Description
PyTorch is a deep learning framework that puts Python first. It provides Tensors and Dynamic neural networks in Python with strong GPU acceleration.
Software Category: data
For detailed information, visit the PyTorch
website.
Available Versions
The current installation of PyTorch
incorporates the most popular packages. To find the available versions and learn how to load them, run:
module spider pytorch
The output of the command shows the available PyTorch
module versions.
For detailed information about a particular PyTorch
module, including how to load the module, run the module spider
command with the module’s full version label. For example:
module spider pytorch/1.12.0
Module | Version |
Module Load Command |
pytorch | 1.12.0 |
module load apptainer/1.2.2 pytorch/1.12.0
|
pytorch | 2.0.1 |
module load apptainer/1.2.2 pytorch/2.0.1
|
pytorch | 2.4.0 |
module load apptainer/1.2.2 pytorch/2.4.0
|
PyTorch Jupyter Notebooks
Jupyter Notebooks can be used for interactive code development and execution of Python scripts and several other codes. PyTorch Jupyter kernels are backed by containers in the corresponding modules.
Accessing the JupyterLab Portal
- Open a web browser and go to: https://ood.hpc.virginia.edu.
- Use your “Netbadge” credentials to log in.

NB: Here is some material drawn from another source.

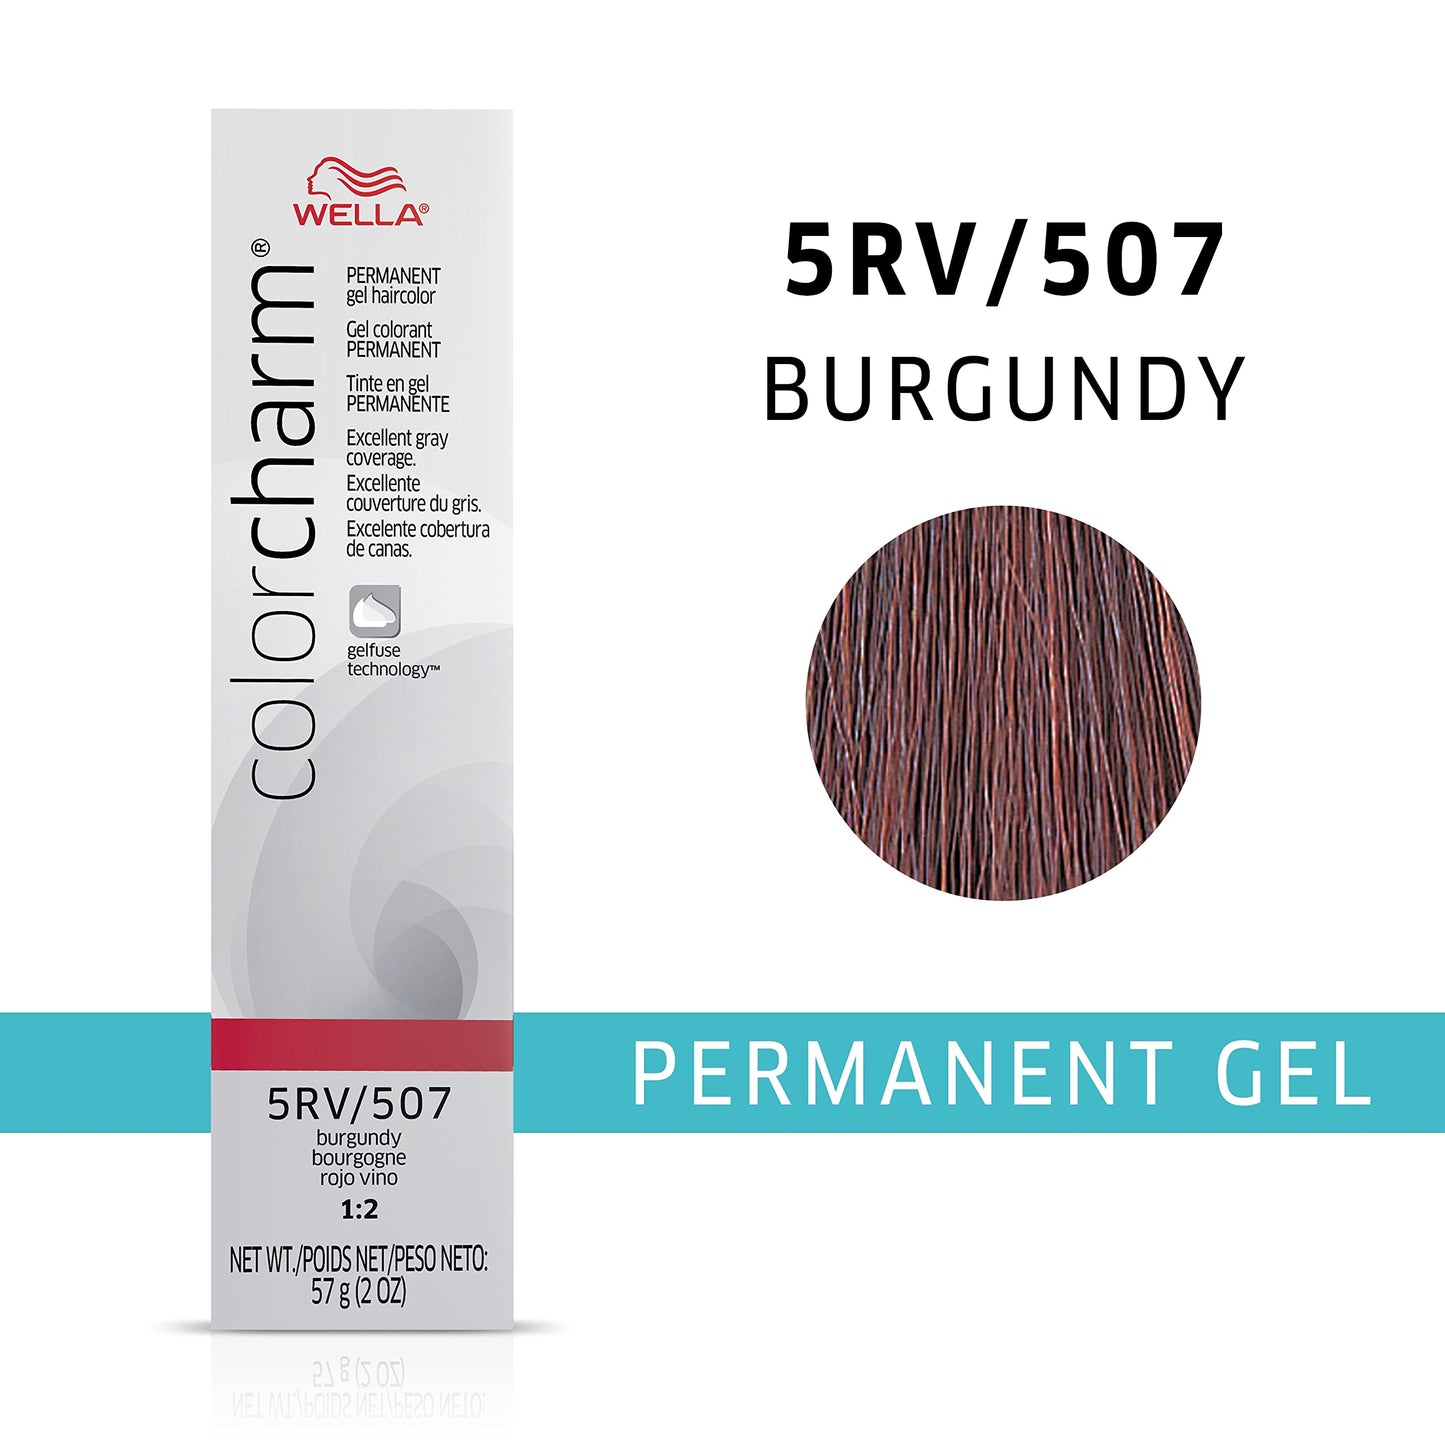 COLORCHARM Permanent Gel, Hair Color for Gray Coverage, 5RV Burgundy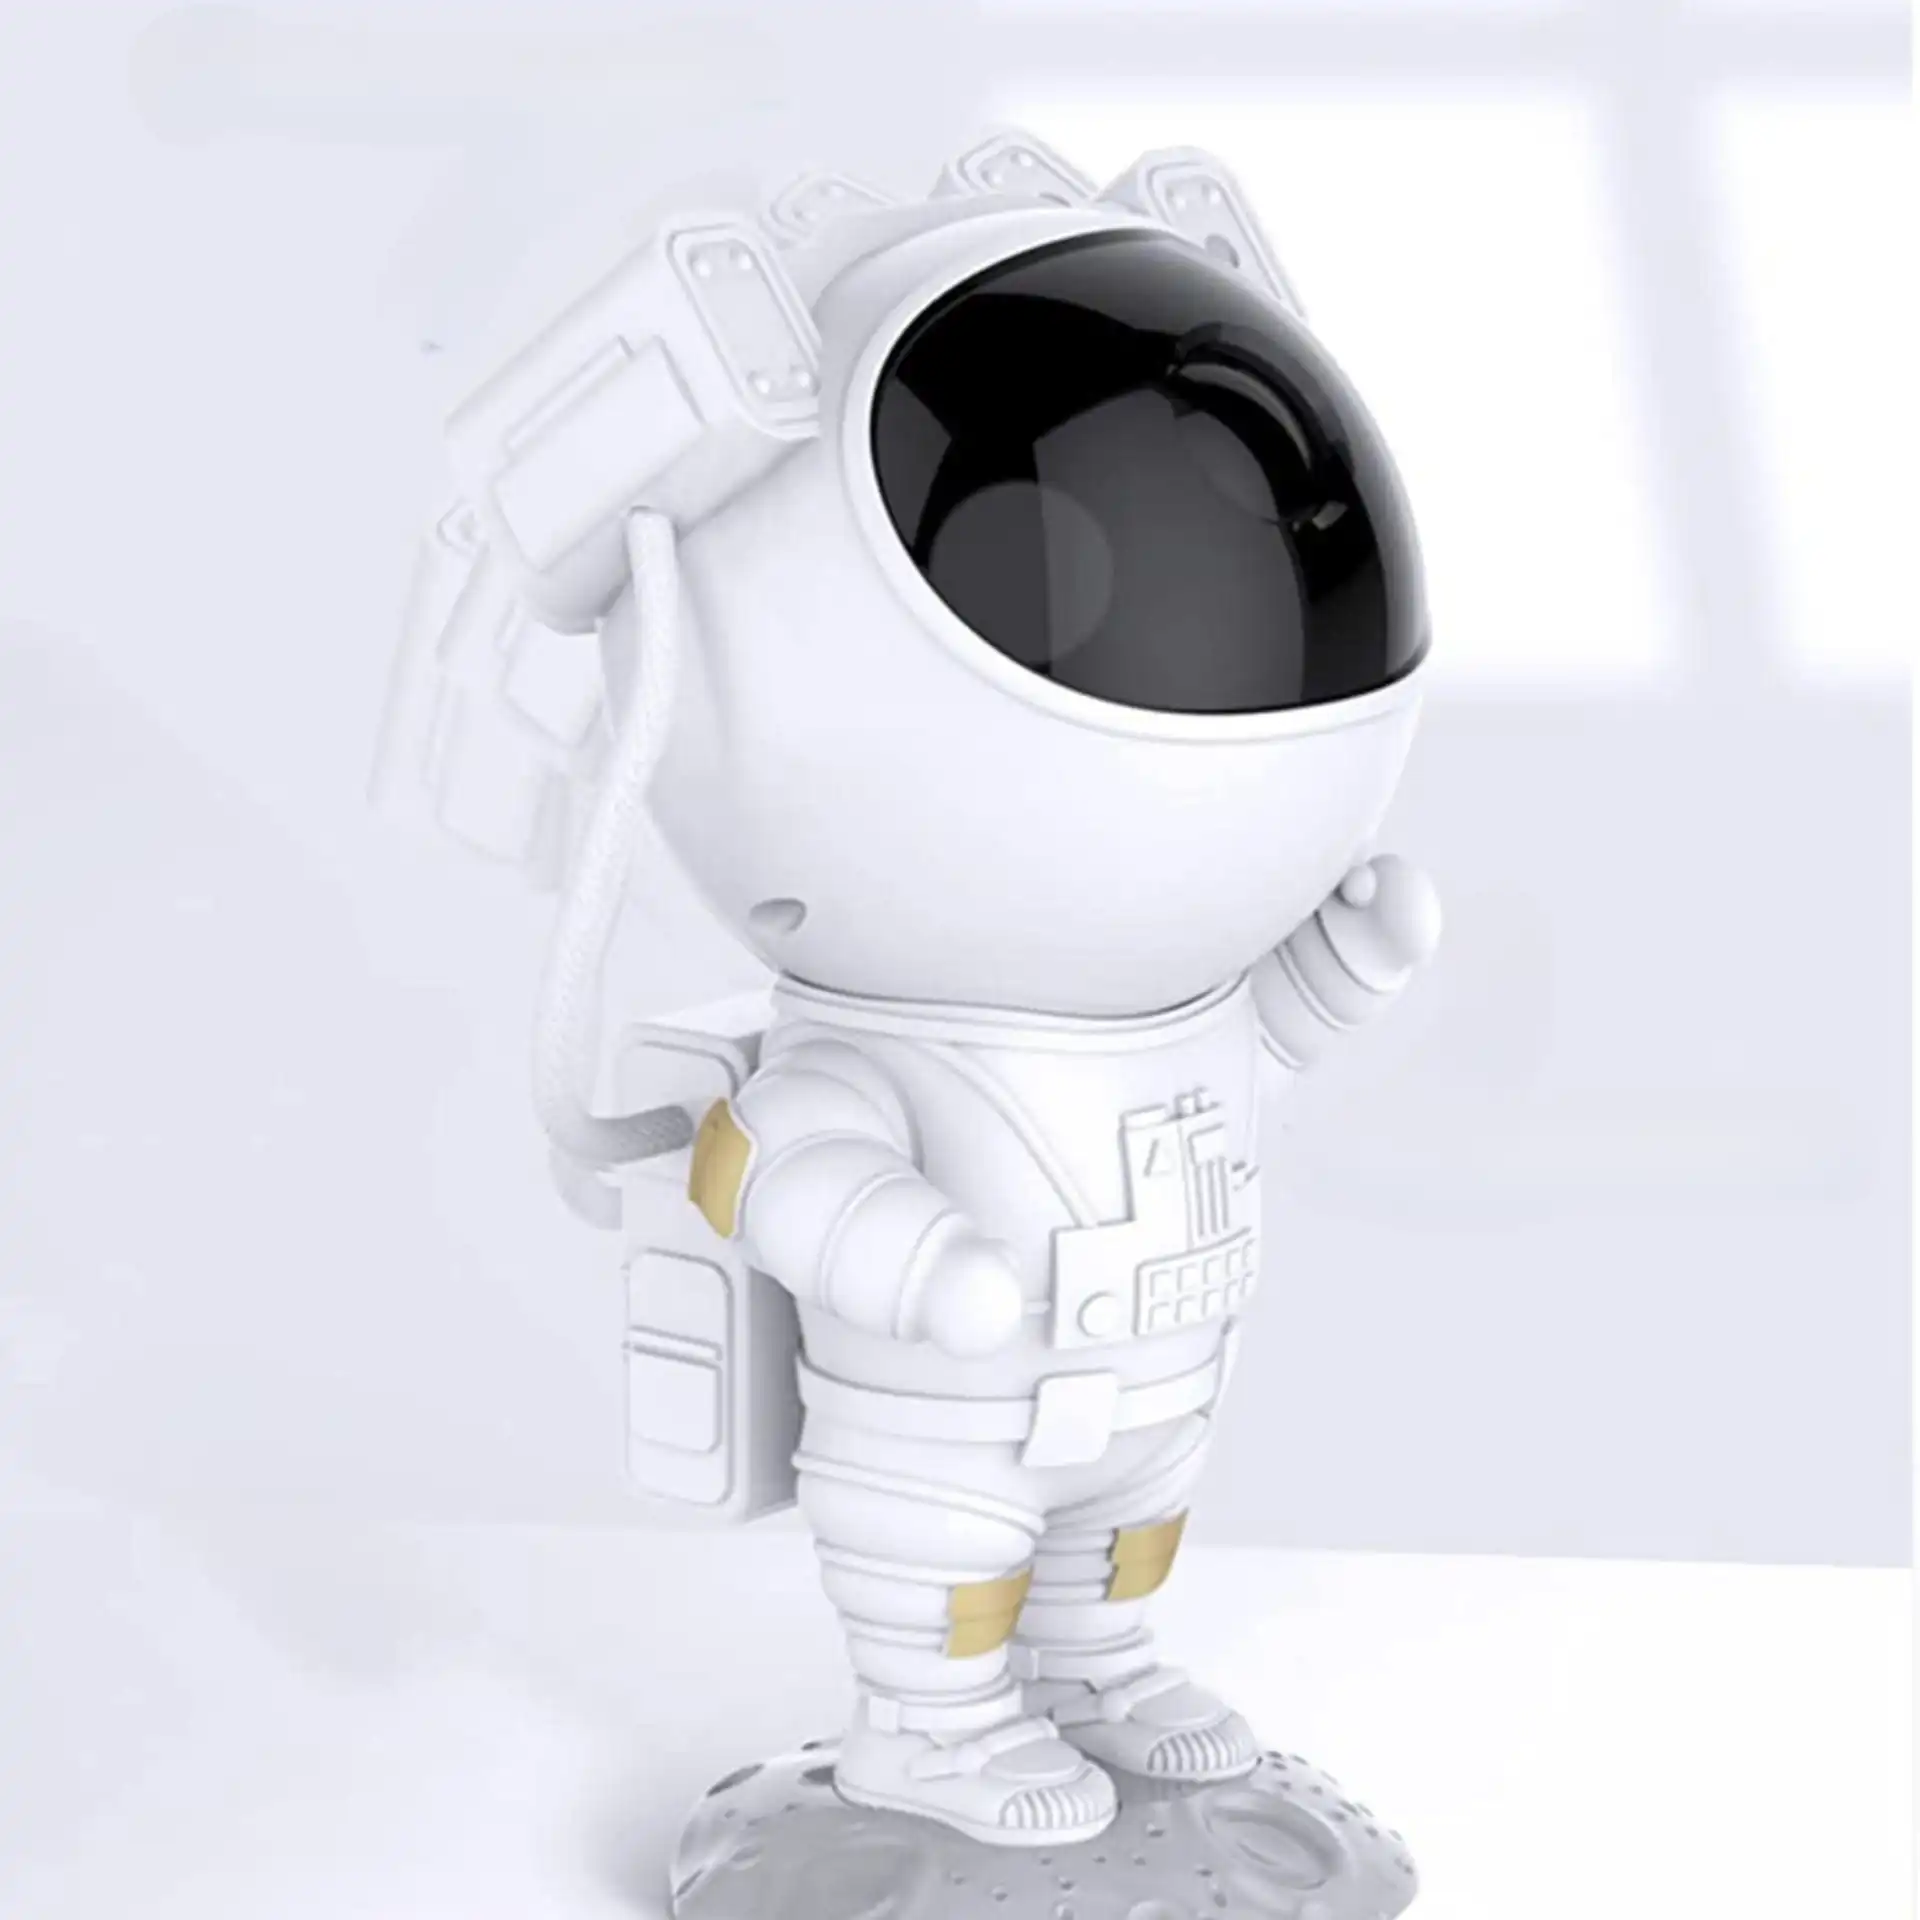 Glowly Astronaut LED Galaxy Projector for Ultimate Starry Night Light Experience

- On the top right of the menu bar of the Open OnDemand dashboard, click on
Interactive Apps
.
- In the drop-down box, click on
JupyterLab
.
Requesting access to a GPU node
To start a JupyterLab session, fill out the resource request webform. To request access to a GPU, verify the correct selection for the following parameters:
- Under Rivanna Partition, choose “GPU”.
- Under Optional GPU Type, choose a GPU type or leave it as “default” (first available).
Click Launch
to start the session.
Editing and Running the Notebook
Once the JupyterLab instance has started, you can edit and run your notebook as described here.
PyTorch Slurm jobs
The following is a Slurm script template. The commented numbers correspond to the items in the ensuing notes.
#!/bin/bash
#SBATCH -A mygroup
#SBATCH -p gpu # 1
#SBATCH --gres=gpu:1 # 1
#SBATCH -c 1
#SBATCH -t 00:01:00
#SBATCH -J pytorchtest
#SBATCH -o pytorchtest-%A.out
#SBATCH -e pytorchtest-%A.err
module purge
module load apptainer pytorch/2.0.1 # 2
apptainer run --nv $CONTAINERDIR/pytorch-2.0.1.sif pytorch_example.py # 3
Notes:
-
The Slurm script needs to include the #SBATCH -p gpu
and #SBATCH --gres=gpu
directives in order to request access to a GPU node and its GPU device. Please visit the Jobs Using a GPU section for details.
-
To use the pytorch container, load the apptainer and pytorch modules. You may choose a different version (see module spider
above).
Do not load the cuda
or cudnn
modules since these libraries are included with pytorch.
-
The --nv
flag sets up the container’s environment to use a GPU when running a GPU-enabled application. The run
command executes the default command defined in the container, which in this case is python
. What follows after the *.sif
is passed as arguments. In summary, the apptainer command can be translated as: “Use the python
interpreter inside the pytorch container to execute pytorch_example.py
with GPU enabled.”
PyTorch Interactive Jobs (ijob)
Start an ijob. Note the addition of -p gpu
and --gres=gpu
to request access to a GPU node and its GPU device.
ijob -A mygroup -p gpu --gres=gpu -c 1
module purge
module load apptainer pytorch/2.0.1
apptainer run --nv $CONTAINERDIR/pytorch-2.0.1.sif pytorch_example.py
Interaction with the Host File System
The following user directories are overlayed onto each container by default on the HPC system:
- /home
- /scratch
- /nv
- /standard
- /project
Due to the overlay, these directories are by default the same inside and outside the container with the same read, write, and execute permissions. This means that file modifications in these directories (e.g. in /home) via processes running inside the container are persistent even after the container instance exits. The /nv
and /project
directories refer to leased storage locations that may not be available to all users.